Vice Mayor of Lüliang
- In office June 2003 – March 2013
- Mayor: Nie Chunyu→Dong Hongyun→Zhang Jiuping [zh]→Ding Xuefeng

Personal details
- Born: November 1952 (age 73) Liulin County, Shanxi, China
- Party: Chinese Communist Party (1975–2016, expelled)
- Alma mater: Central Party School of the Chinese Communist Party

Chinese name
- Simplified Chinese: 张中生
- Traditional Chinese: 張中生

Standard Mandarin
- Hanyu Pinyin: Zhāng Zhōngshēng

= Zhang Zhongsheng =

Chinese politician (born 1952)

Zhang Zhongsheng (张中生; born November 1952) is a former Chinese politician who spent his entire career in his home-province Shanxi. He was investigated by China's top anti-graft agency in May 2014. Previously he served as vice mayor of Lüliang, and before that, magistrate and then party secretary of Zhongyang County, the coal-rich county where he worked for over 34 years. Zhang was sacked for graft in May 2014 and was sentenced to death with a two-year reprieve for accepting bribes worth 1.04 billion yuan ($160 million).

==Early life and career==
Zhang was born in Liulin County, Shanxi, in November 1952. He entered the workforce in July 1969, and joined the Chinese Communist Party (CCP) in February 1975.

Zhang served in various posts in the Grain Bureau of the coal-rich Zhongyang County before getting involved in politics in 1985, when he was appointed director of Zhongyang County Administration for Industry and Commerce. Two years later, he became director of the Finance Bureau of Zhongyang County. In 1990, he became deputy magistrate of the county, rising to executive deputy county magistrate in 1993 and then magistrate in 1996. In 1998, he rose to become party secretary, the top political position in the county, and held that office until 2003. In June 2003, he took office as vice mayor of Lüliang, responsible for coal work, and served until his resignation in March 2013. He was also a member of the standing committee of the CCP Lüliang Municipal Committee, the city's top authority. Zhang was known for his splendid hilltop mansions and dubbed the "godfather" because of his influence and power in Lüliang.

===Downfall===
On 29 May 2014, he was put under investigation for alleged "serious violations of discipline and laws" by the Central Commission for Discipline Inspection (CCDI), the party's internal disciplinary body, and the National Supervisory Commission, the highest anti-corruption agency of China.

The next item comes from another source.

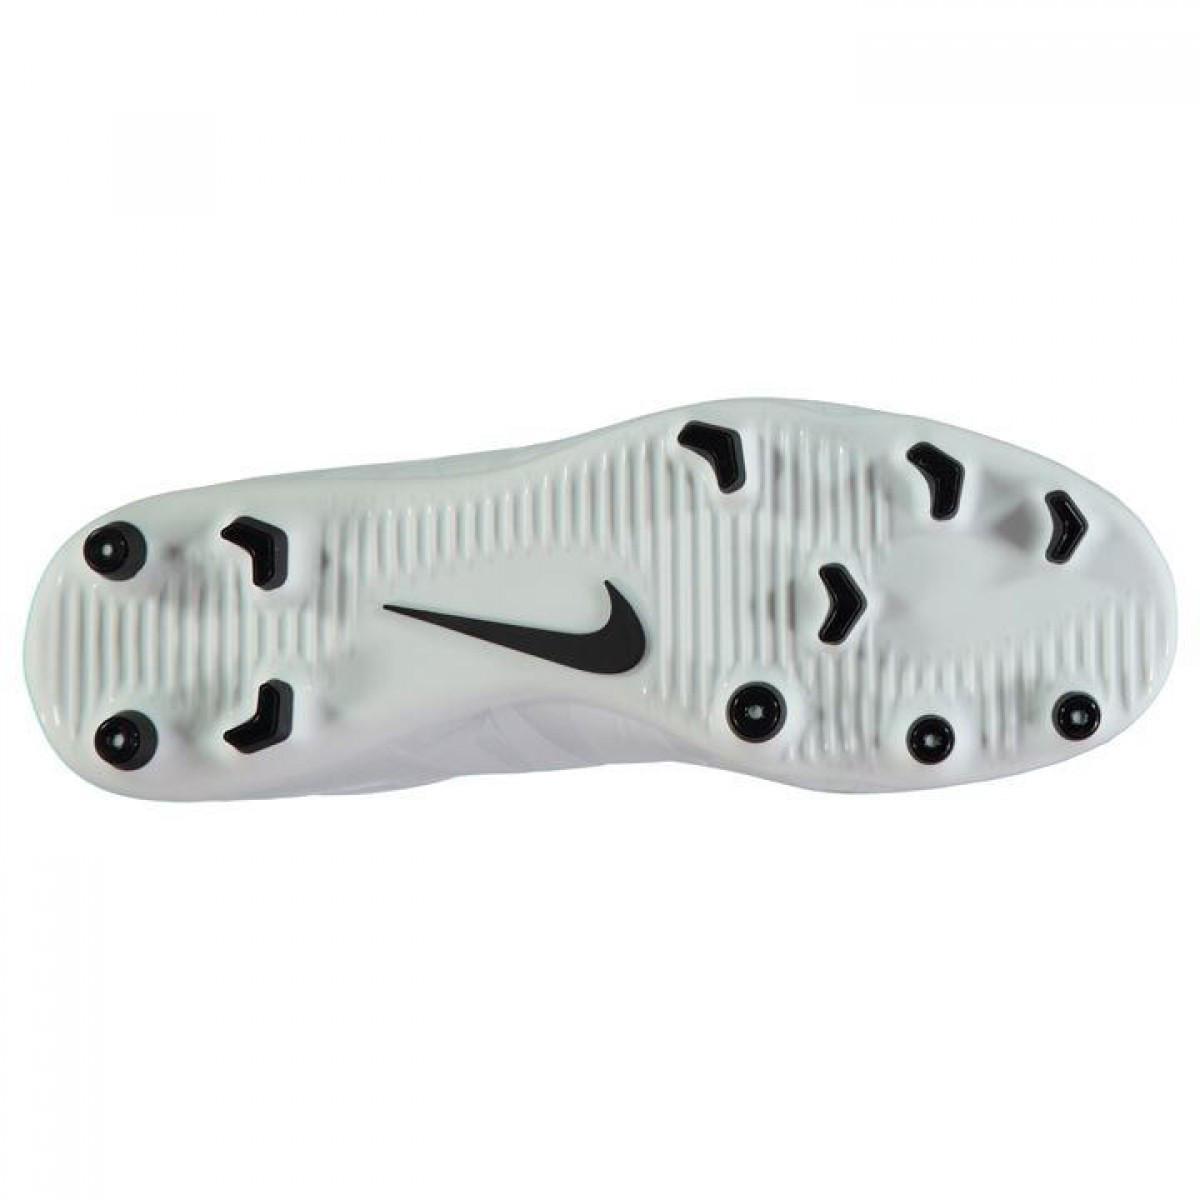 6e18b532 Бутсы Nike Mercurial Vortex CR7 FG Football Blue/Black - Оригинал, ...

In December 2015, he was taken away and put on file for investigation.

In January 2016, he was expelled from the Communist Party and was stripped of his retirement benefits, and his case was handed over to the procuratorate.

On 28 March 2018, he stood trial at the Intermediate People's Court of Linfen on charges of taking bribes. He was accused of illegally accepting money and gifts amounting to over 1.04 billion yuan ($160 million) while holding various government positions between 1997 and 2013 in Zhongyang County and Lüliang, abusing his positions of power to help others in providing assistance in coal resource integration, project approval and other matters. In addition, more than 130 million yuan ($20.36 million) of property could not be explained. He was sentenced to death for holding a huge amount of property with unidentified sources and taking bribes. He was also deprived of his political rights for life, and ordered by the court to have all his personal assets confiscated and turn over all illicit gains and their interests to the state. Zhang was the second official to be sentenced to death since the 18th National Congress of the Chinese Communist Party in late 2012, after Zhao Liping, a former police chief in Inner Mongolia, was executed for the gruesome murder of his reported lover and for having accepted bribes totaling nearly 24 million yuan ($3.45 million). Zhang's three superiors, Nie Chunyu, Dong Hongyun and Ding Xuefeng were caught in the next few months.

On 19 October 2021, the Higher People's Court of Shanxi held a public hearing in the second instance to hear the appeal case of Zhang, who took bribes and had a huge amount of property of unknown origin. On October 29, Zhang was sentenced to death with a two-year reprieve for taking bribes worth 1.04 billion yuan ($160 million).